Problem to work on → Begin at the line below that has "Cherry Cream Cheese Bake". Stop after the line that has "TORY BURCH BURCH polo shirt", repeating each line exactly and leaving out the pictures.

Given entries →
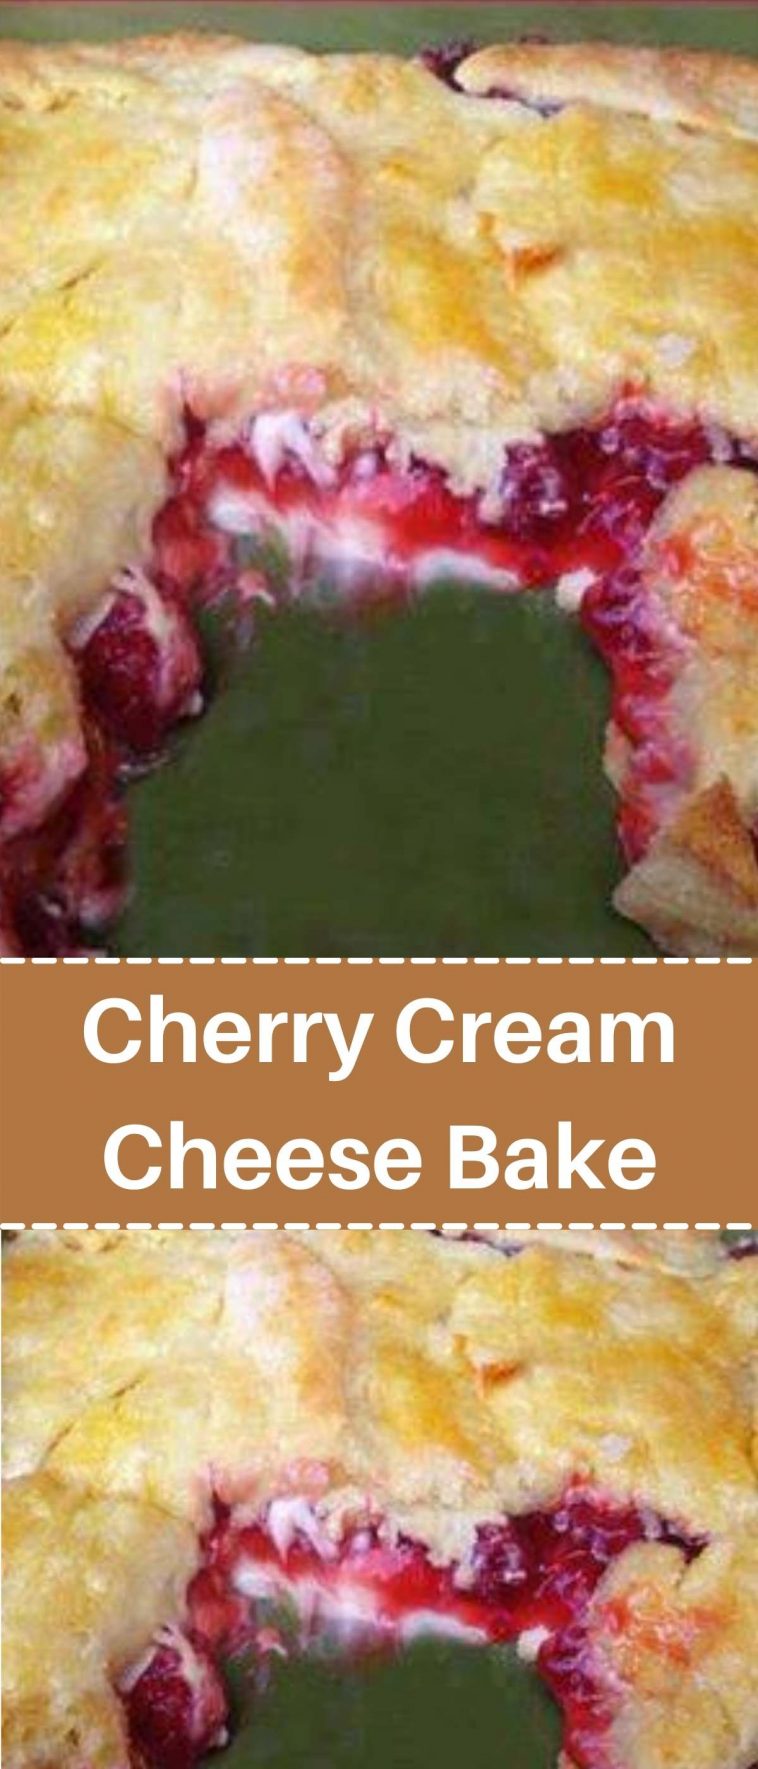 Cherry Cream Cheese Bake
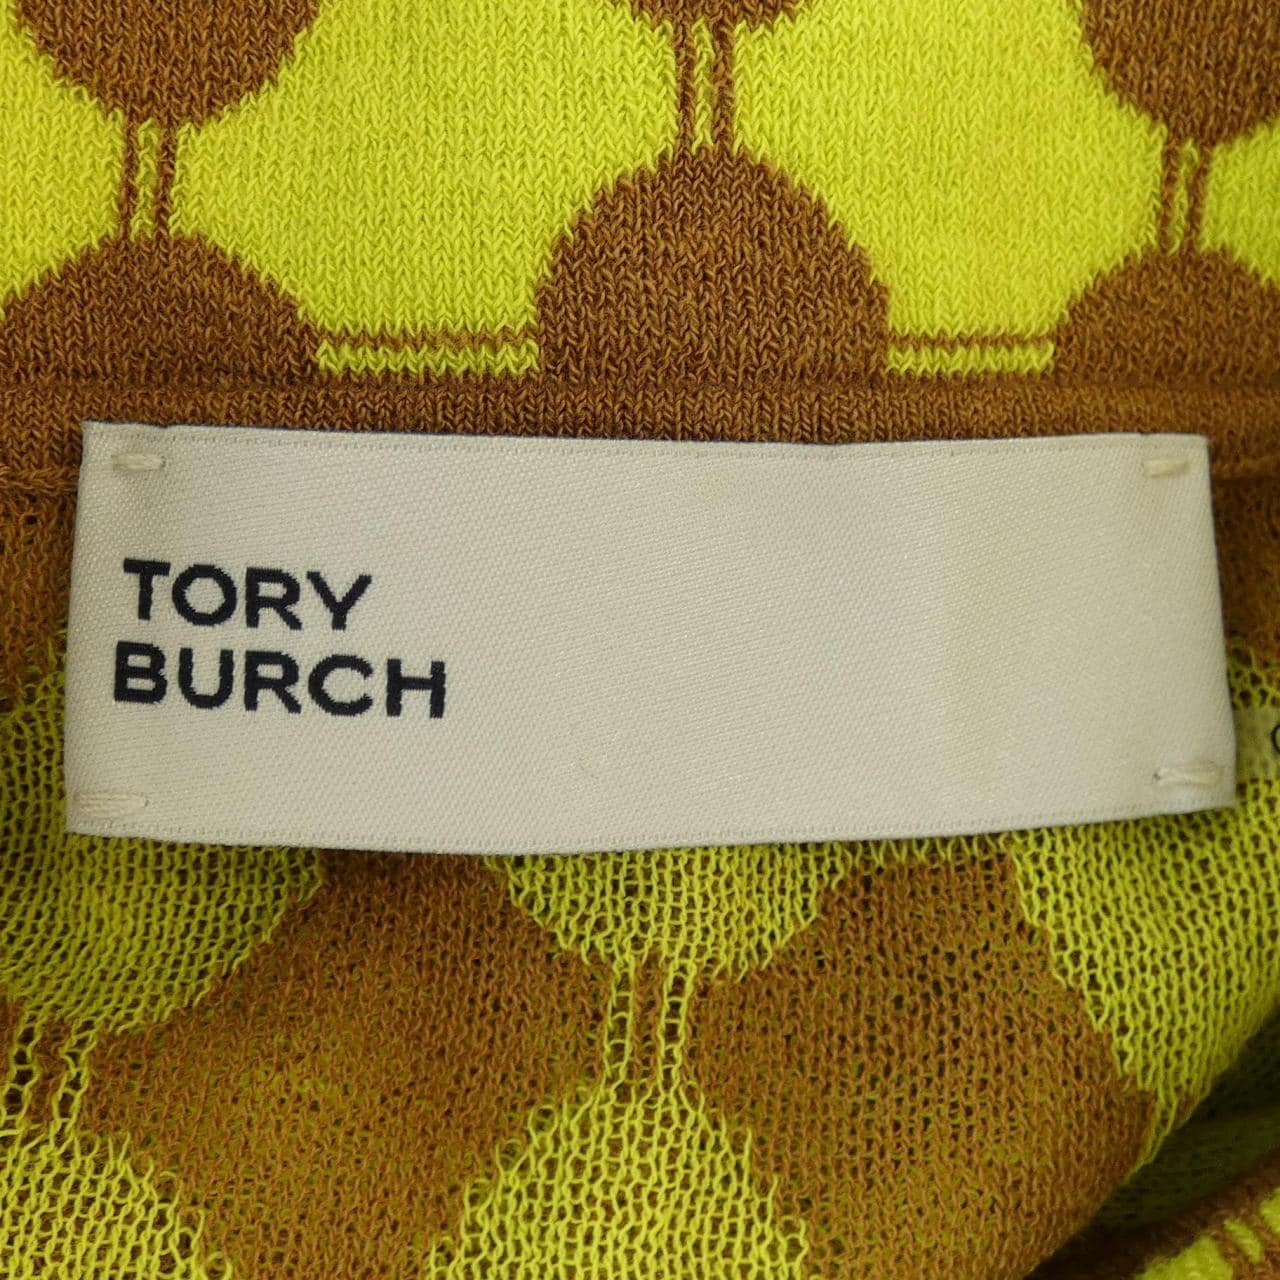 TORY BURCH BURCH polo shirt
* * *
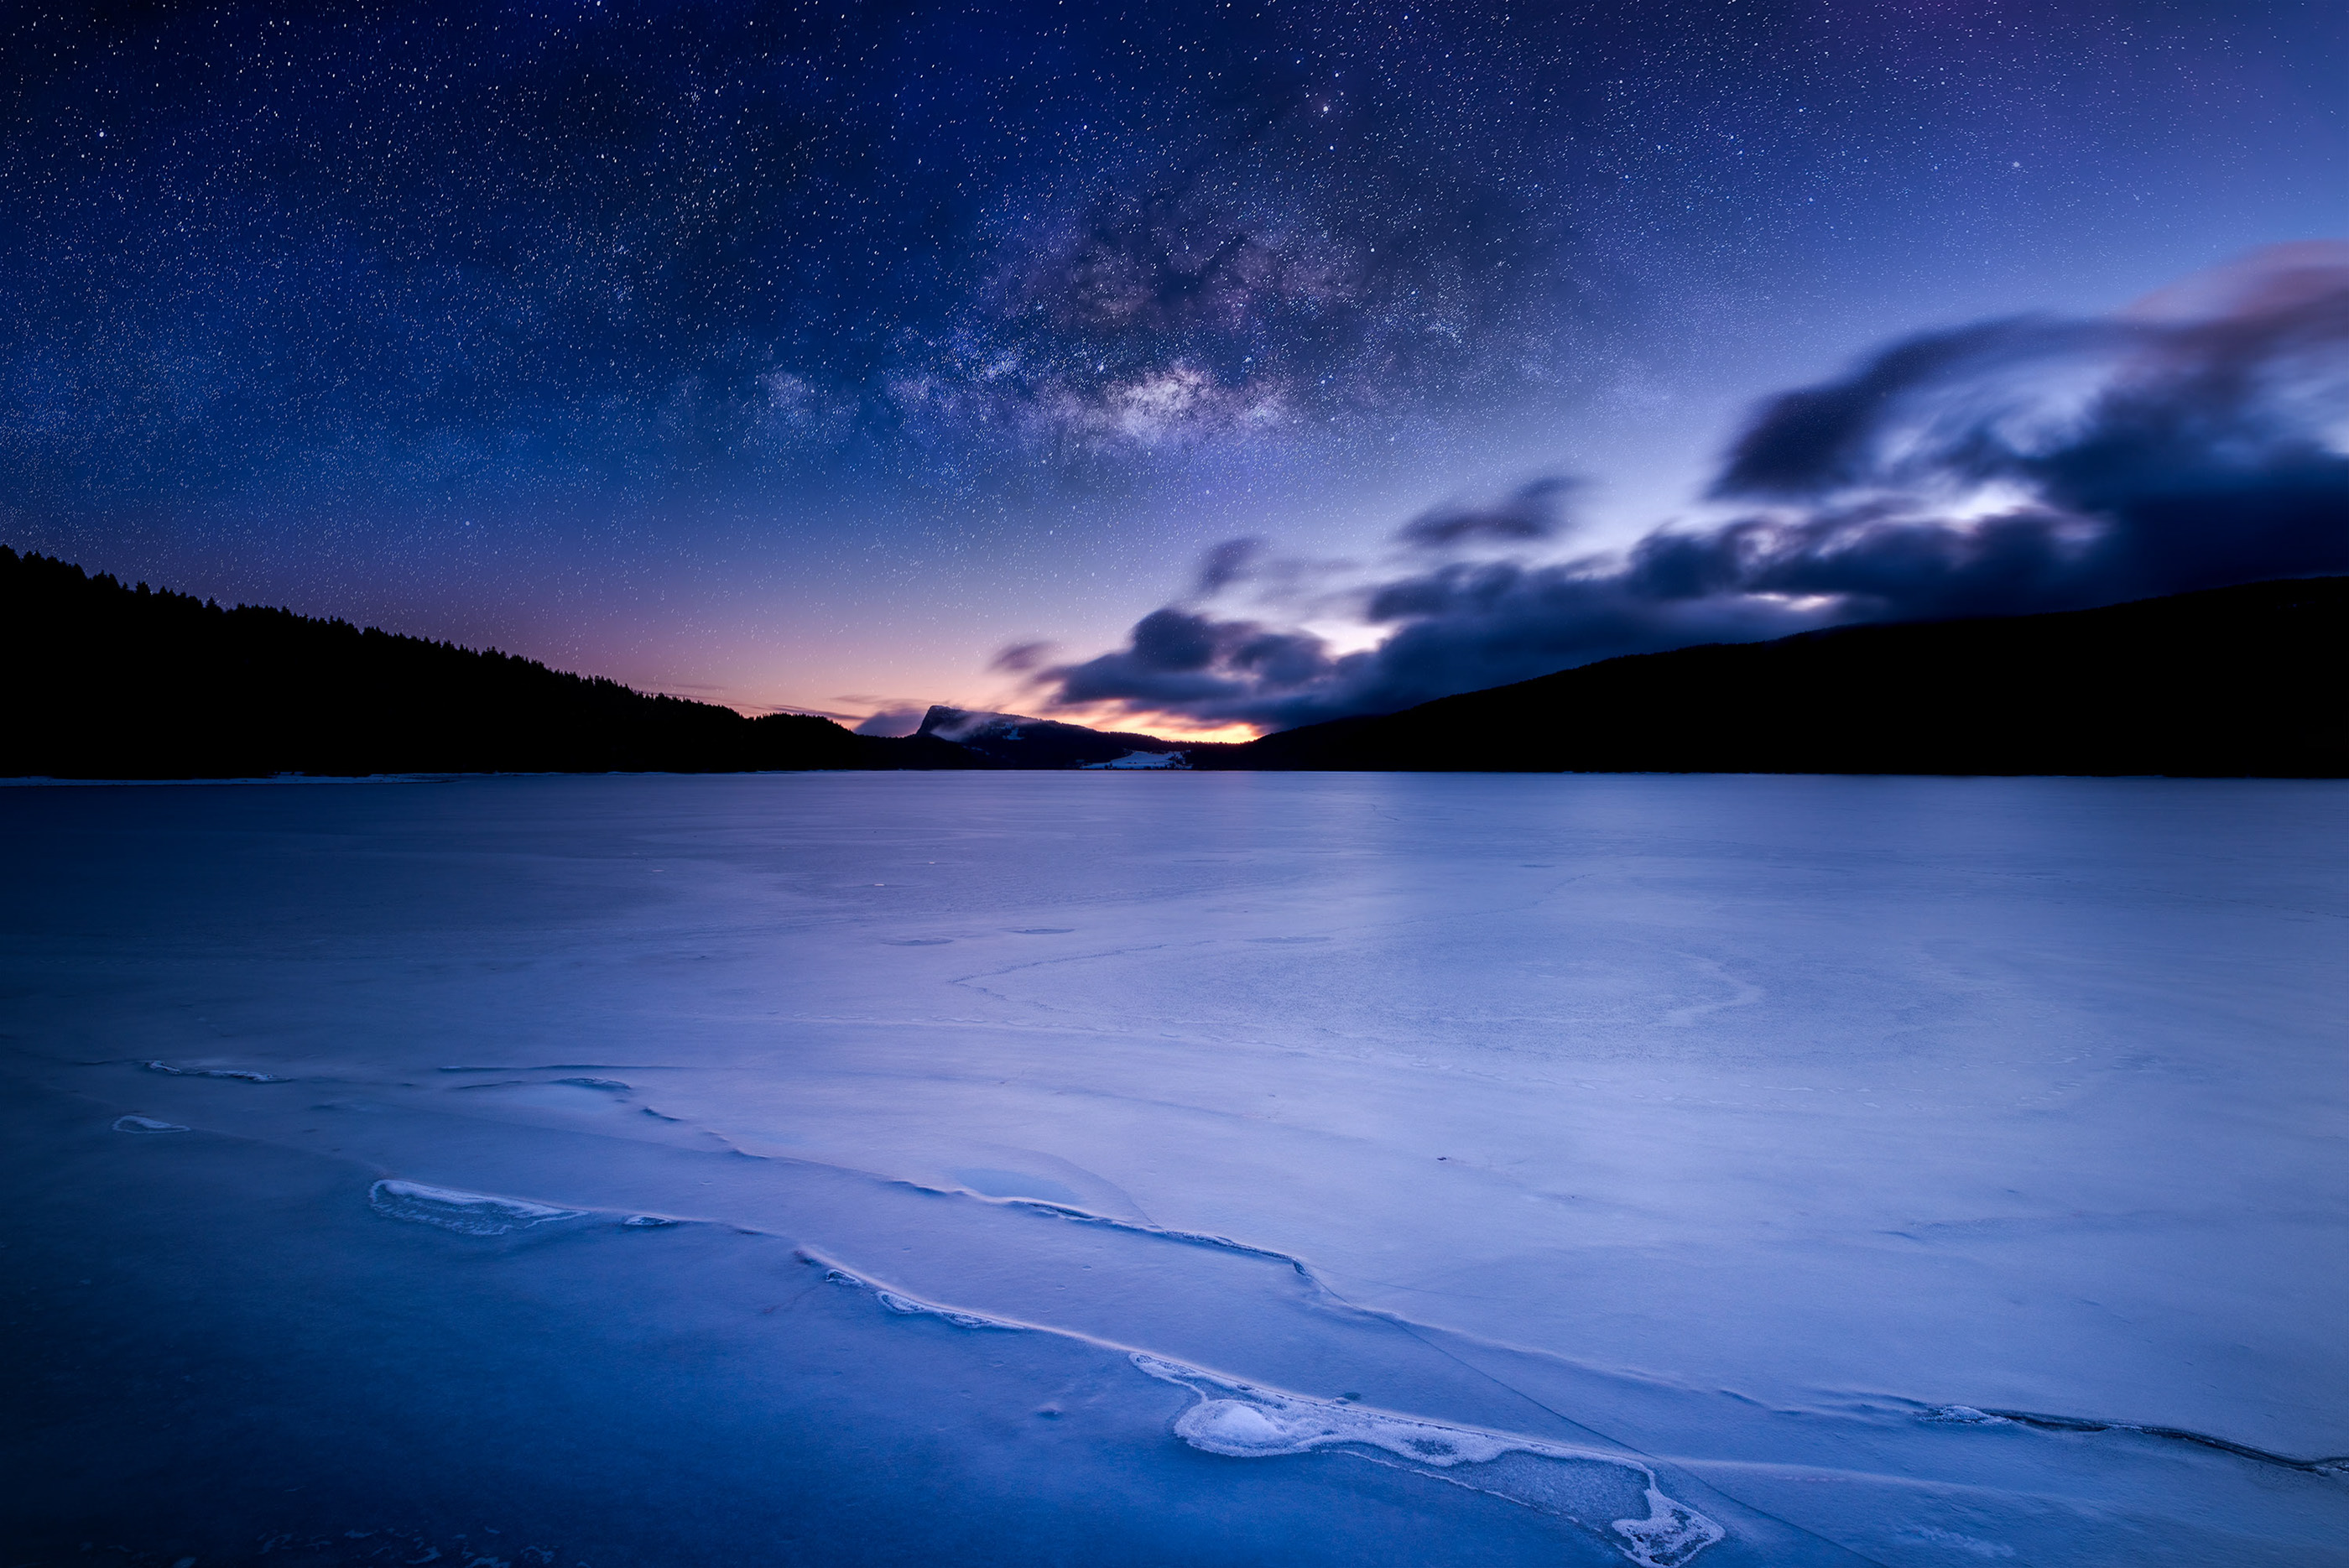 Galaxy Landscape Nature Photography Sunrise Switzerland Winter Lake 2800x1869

Task answer →
 Cherry Cream Cheese Bake
 TORY BURCH BURCH polo shirt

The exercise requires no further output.